#### [Dataset excerpts]
——
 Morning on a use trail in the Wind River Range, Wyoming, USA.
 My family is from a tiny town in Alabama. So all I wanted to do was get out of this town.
——
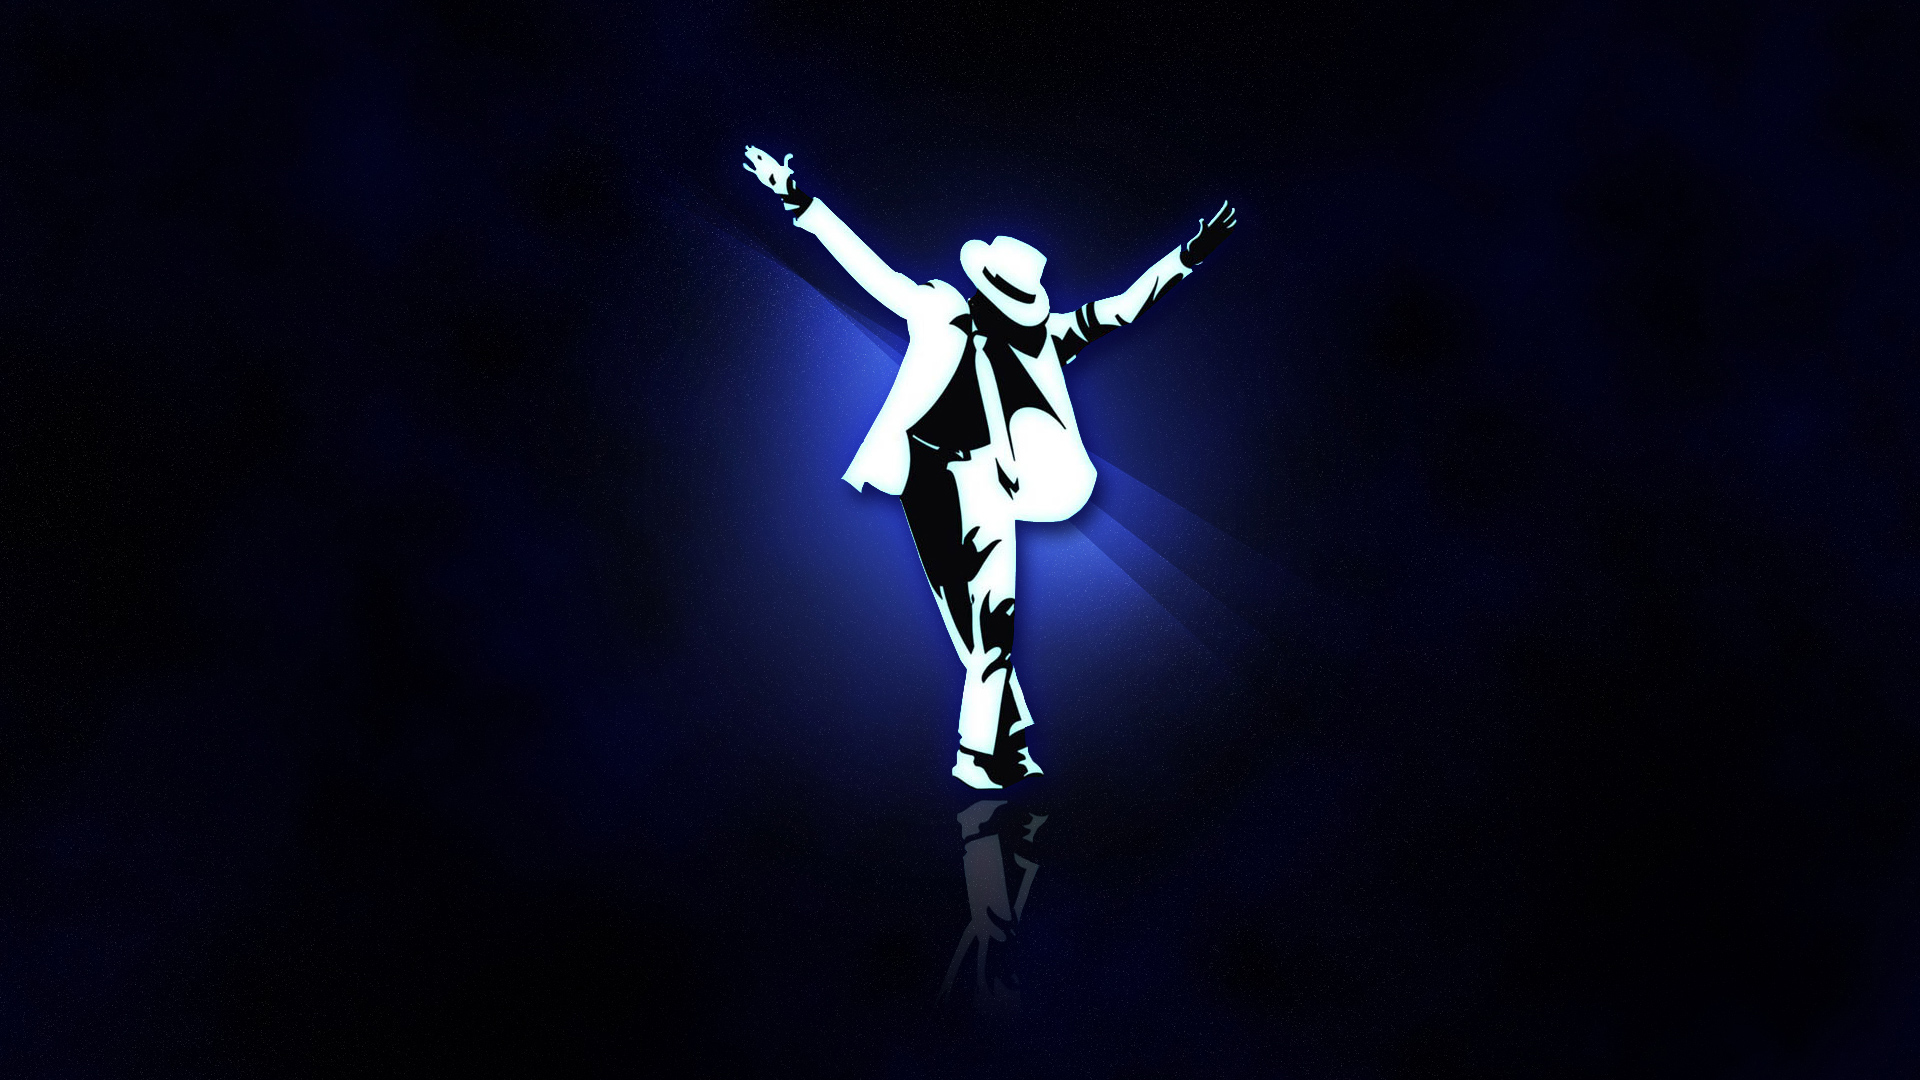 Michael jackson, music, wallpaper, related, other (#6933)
——
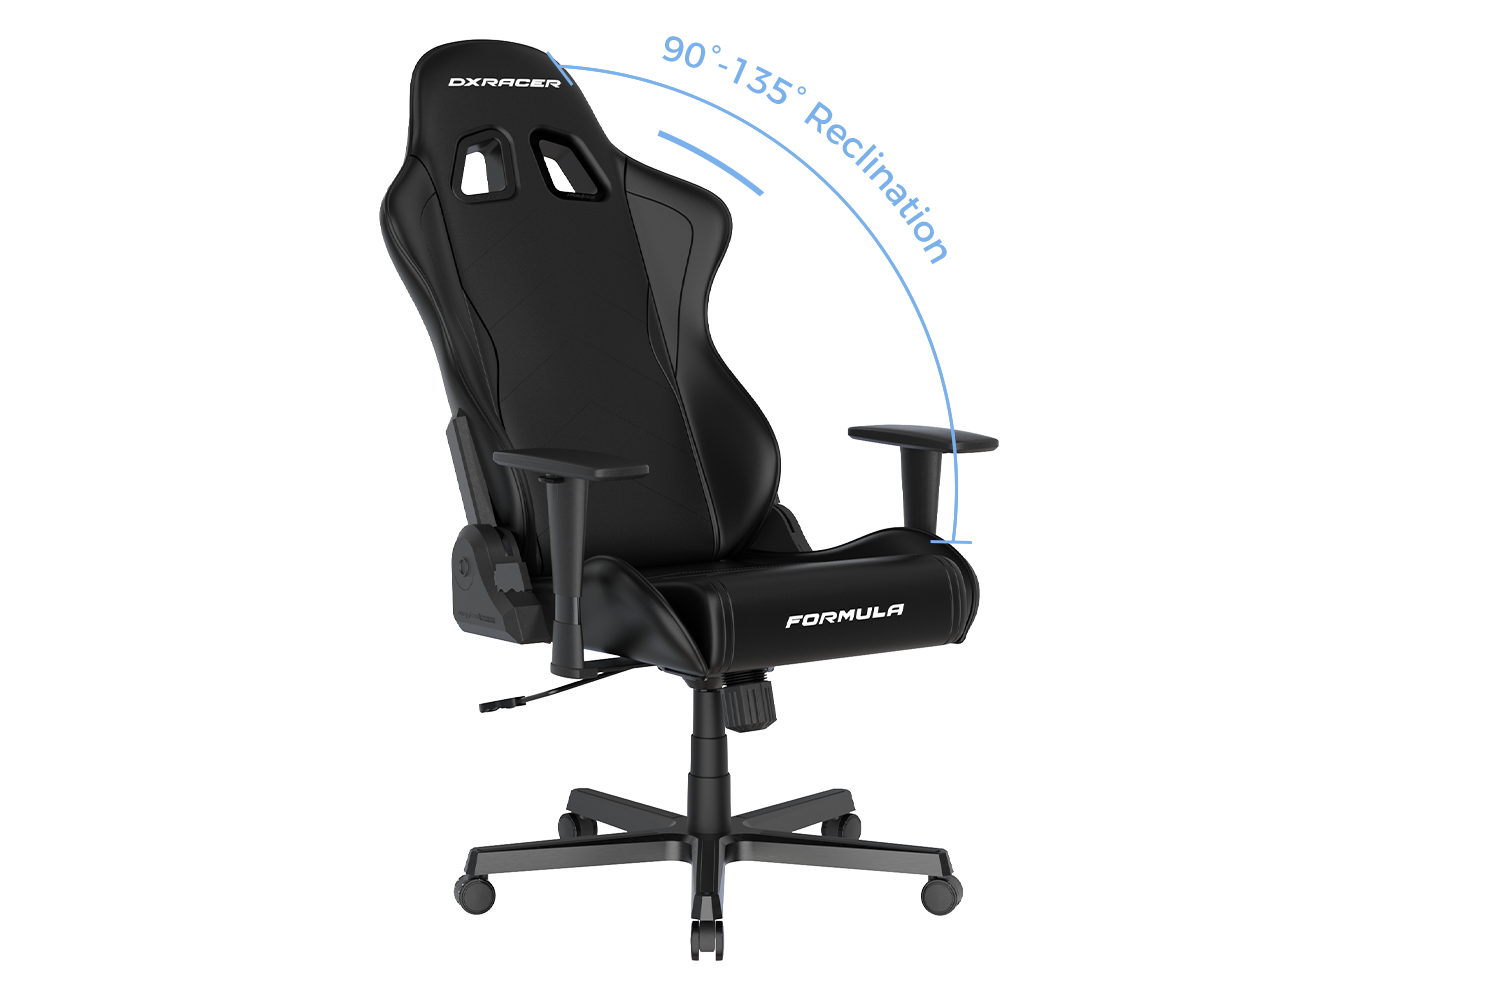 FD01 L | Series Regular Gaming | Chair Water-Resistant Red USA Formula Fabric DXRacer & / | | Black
——
#### [What the task asks]
Your answer should be the lines of the listing above between the line holding "Morning on a" and the line holding "My family is", inclusive, restated word for word and alone.

#### [Answer section]
 Morning on a use trail in the Wind River Range, Wyoming, USA.
 My family is from a tiny town in Alabama. So all I wanted to do was get out of this town.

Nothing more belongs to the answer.